These are the key concepts you need to understand to accurately answer the question.

Diverging Lens
A diverging lens is specially designed to spread out light rays that pass through it. This spreading effect causes parallel rays of light to diverge as they exit the lens, which makes it ideal for applications where light needs to be dispersed.
  • These lenses have a characteristic concave shape, often resembling a thin center with thicker edges.
  • Light deviates outwardly, tracing back to a point called the focal point on the same side as the incoming light. This is known as the virtual focal point.
  • The focal length of a diverging lens is negative, indicating its unique property of moving the light's convergence point to the opposite side of the lens.
In exercises like this one, a diverging lens affects the final position of the image by finalizing the outward direction of light rays that may have been directed by a converging lens first. Understanding the interaction between the focal point and light behavior is crucial in solving problems involving these lenses.
Converging Lens
Converging lenses work by bending incoming light rays towards a single point, known as the focal point. These lenses are typically convex in shape, appearing thicker in the center and thinner on the edges.
  • They gather light to a focal point, providing a real focal length that is always positive.
  • The practical use of converging lenses is seen in magnifying glasses and optical instruments, where bringing light to focus is essential.
  • These lenses can produce both real and virtual images, depending on the position of the object relative to the lens.

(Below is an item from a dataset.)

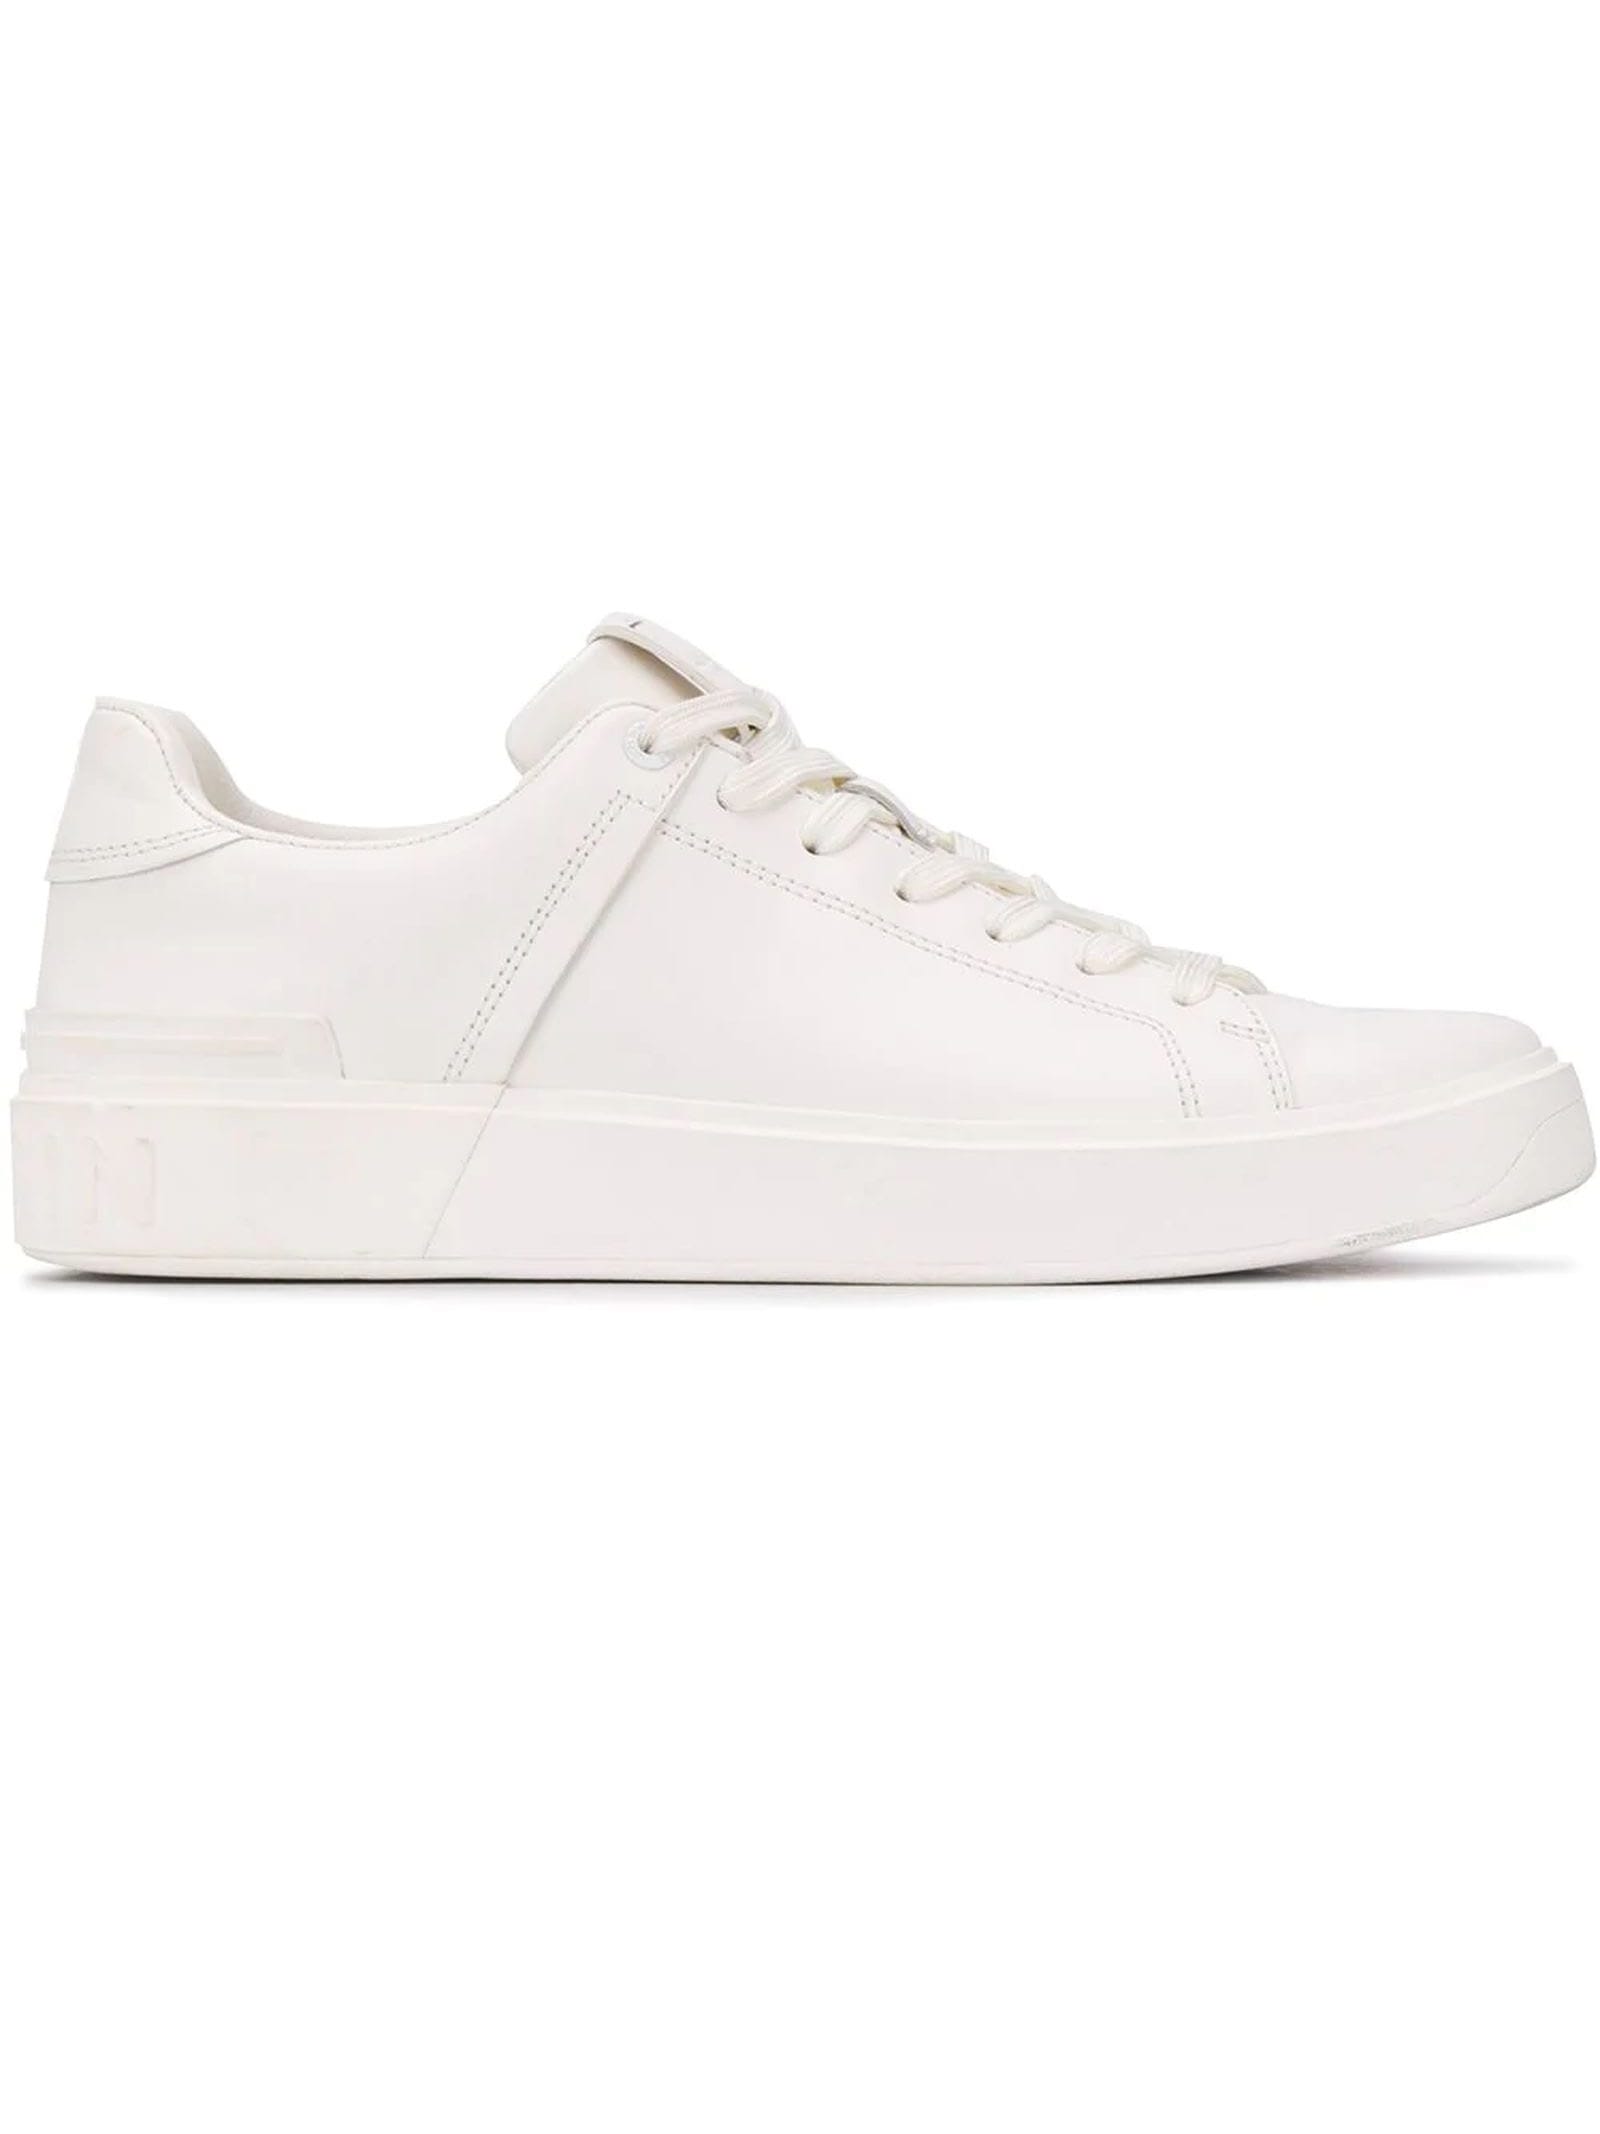 Balmain White Calfskin B-court Sneakers

In the context of the given exercise, the converging lens initially forms an image by directing light rays to converge at a particular point, and we calculate this using the lens formula. The interaction with a diverging lens then modifies this image location.
Lens Formula
The lens formula is a critical mathematical equation used to determine the relationships between the focal length, the distance of the object from the lens, and the distance of the image. The formula is written as:\[ \frac{1}{f} = \frac{1}{d_o} + \frac{1}{d_i} \]Where:
  • \( f \) is the focal length of the lens.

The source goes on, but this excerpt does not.